§ **Exercise requirements**
Without the images, repeat every line of the listing verbatim.

§ **Given material**
=== Begin Enclosure ===

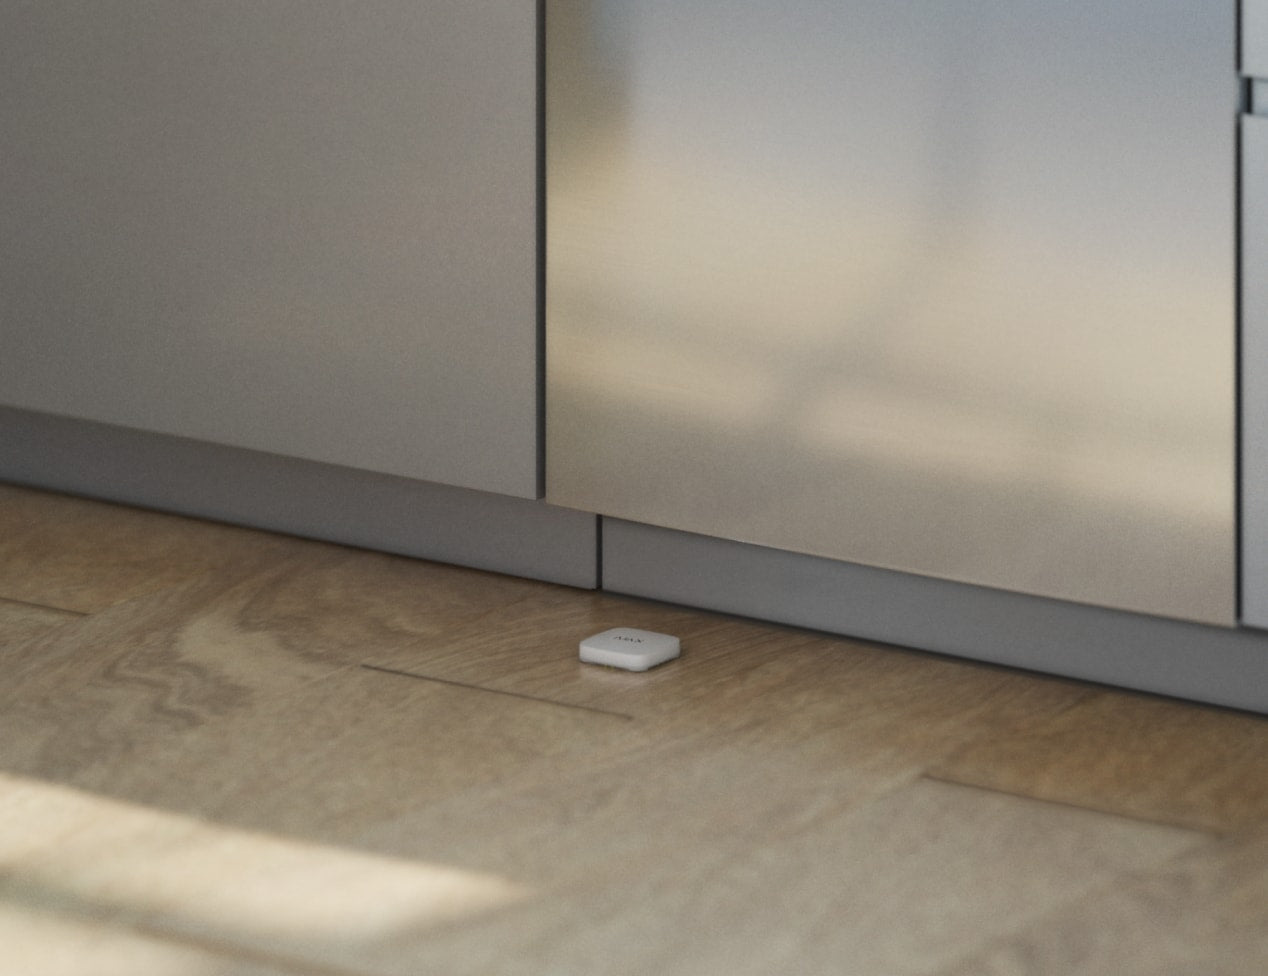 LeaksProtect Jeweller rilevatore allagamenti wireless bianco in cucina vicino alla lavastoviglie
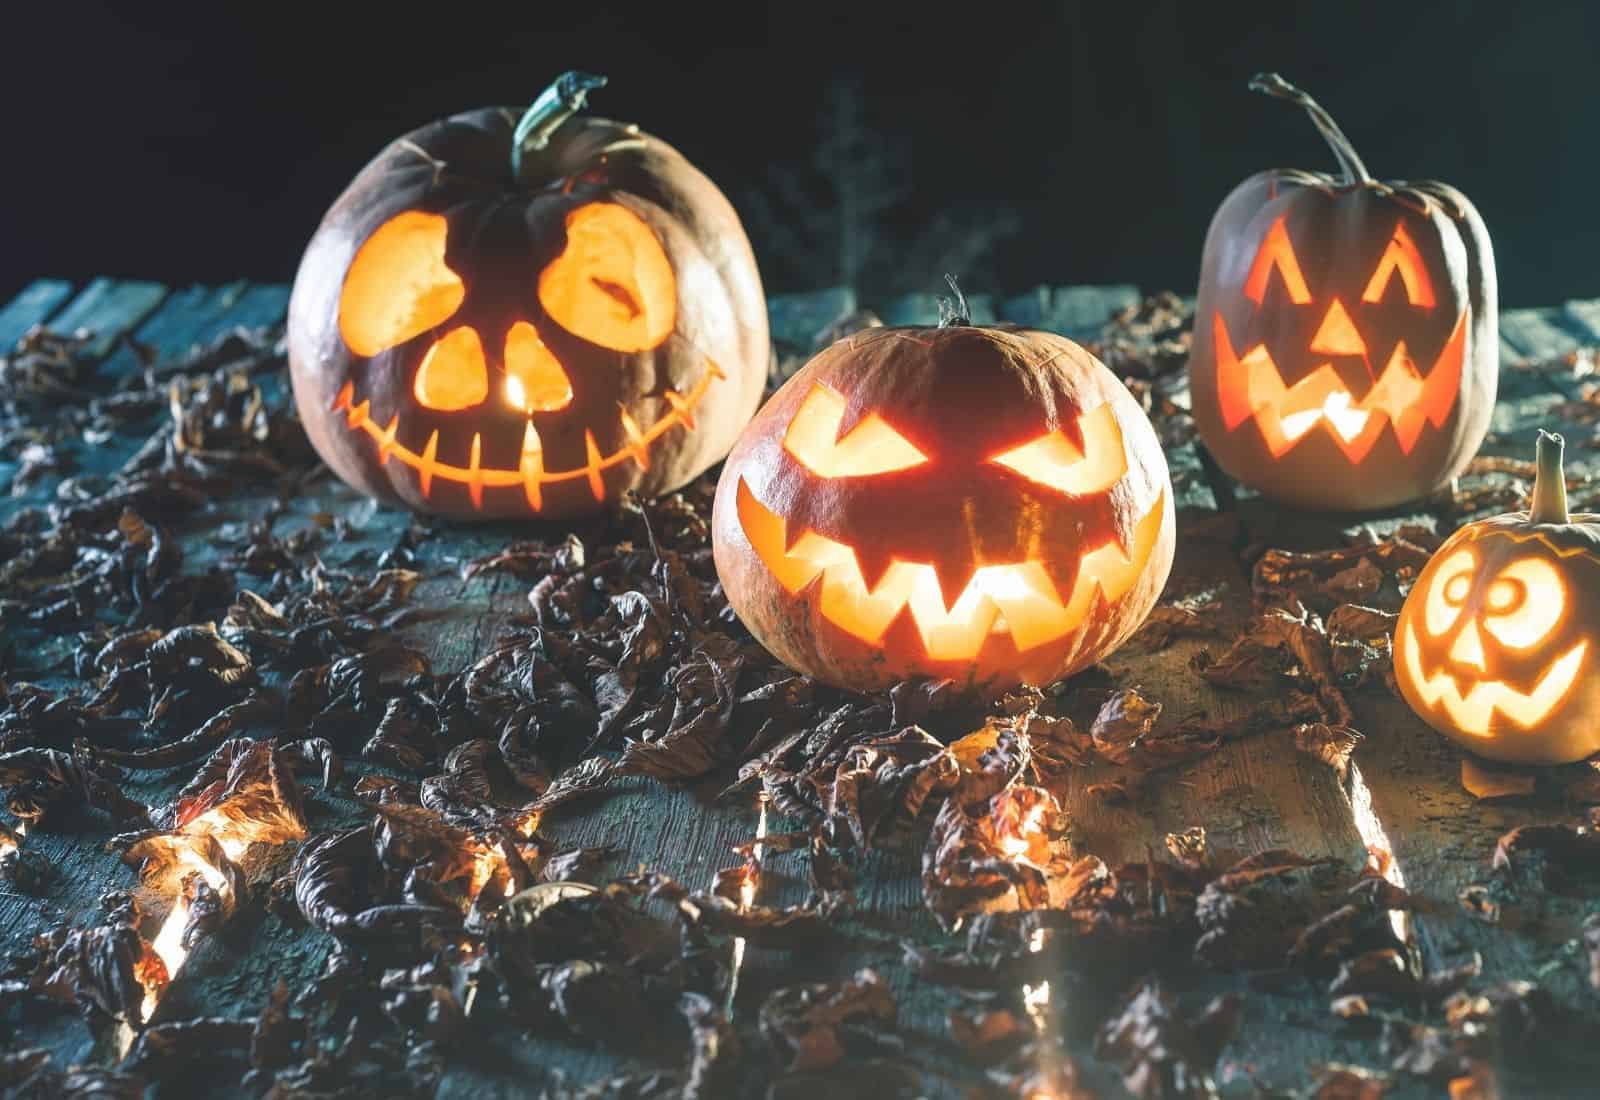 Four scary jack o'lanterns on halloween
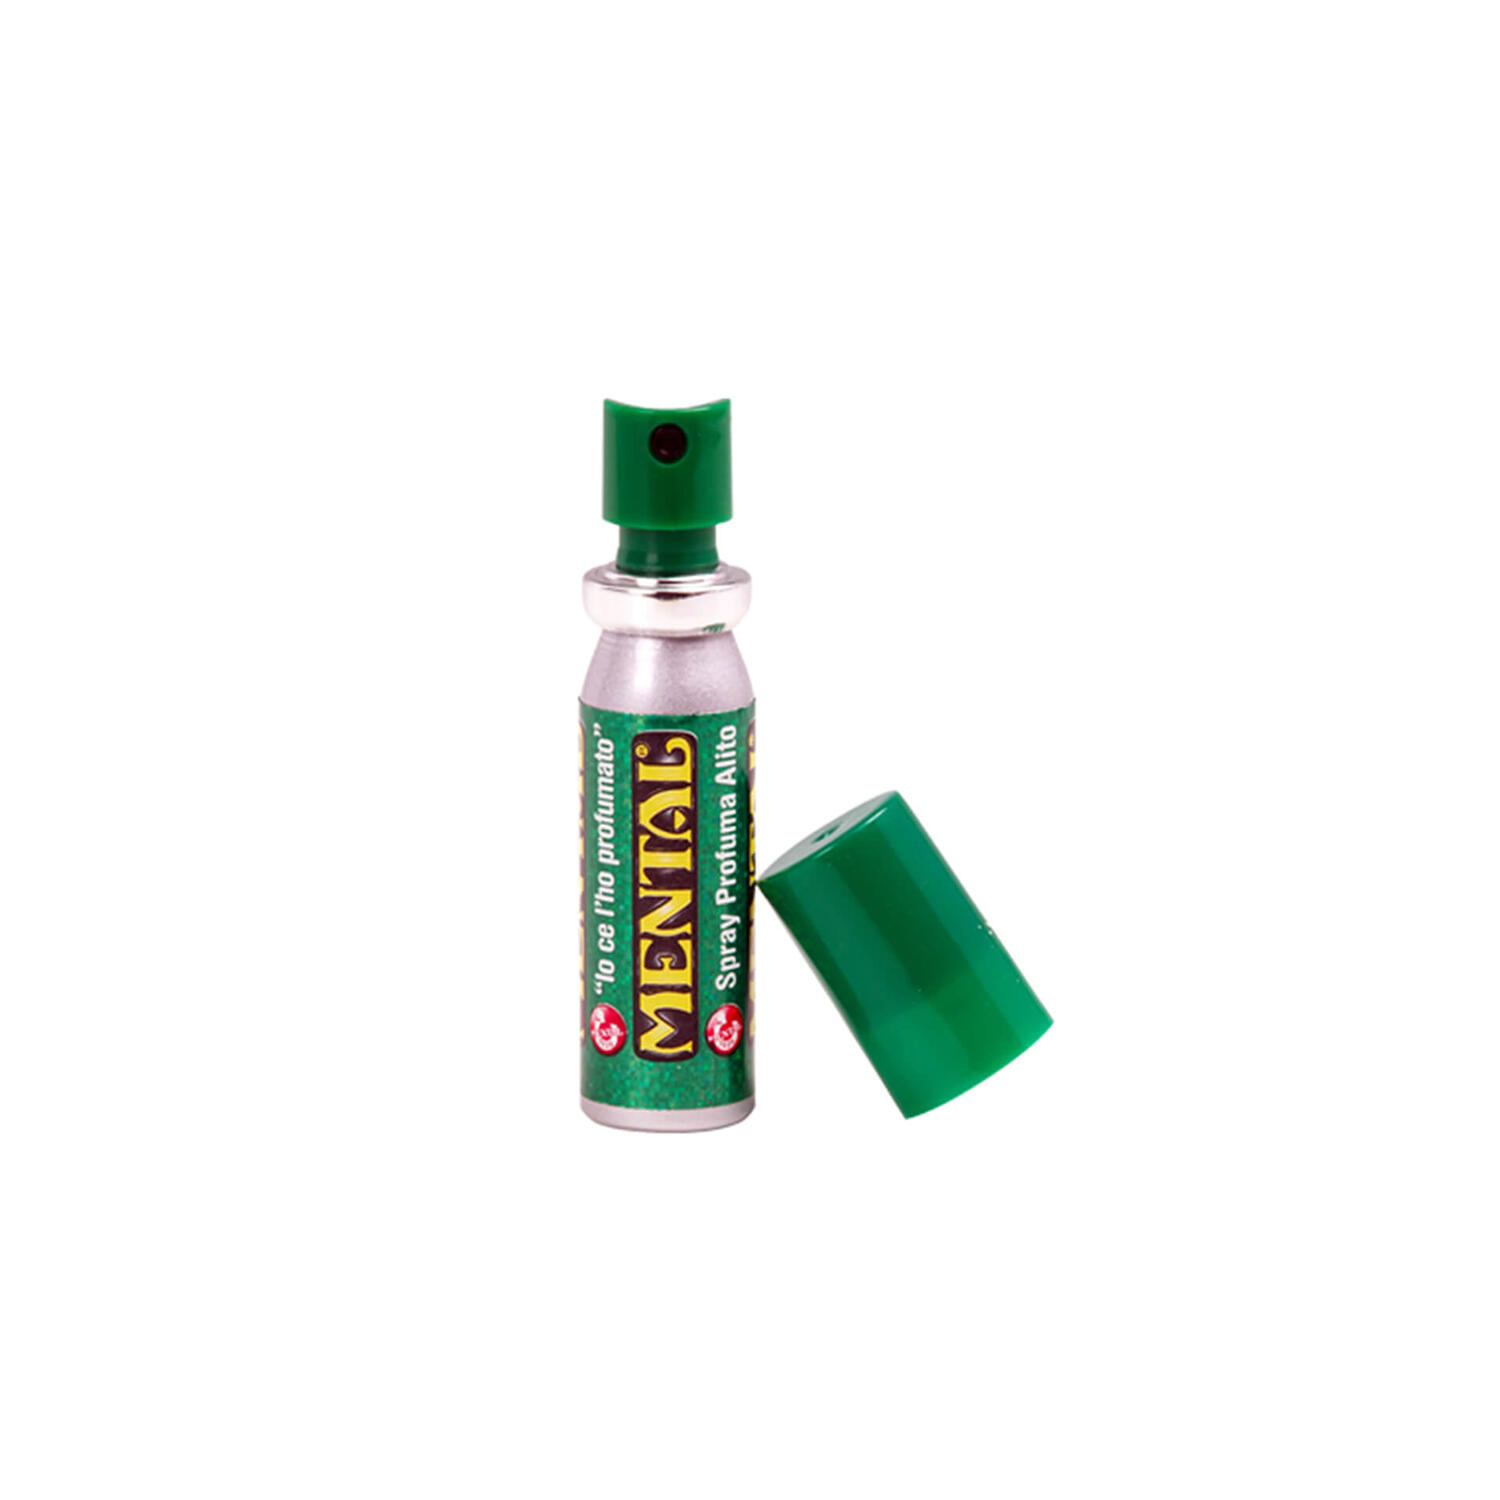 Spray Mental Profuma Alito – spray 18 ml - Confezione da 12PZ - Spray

=== End Enclosure ===

§ **Answer to this exercise**
 LeaksProtect Jeweller rilevatore allagamenti wireless bianco in cucina vicino alla lavastoviglie
 Four scary jack o'lanterns on halloween
 Spray Mental Profuma Alito – spray 18 ml - Confezione da 12PZ - Spray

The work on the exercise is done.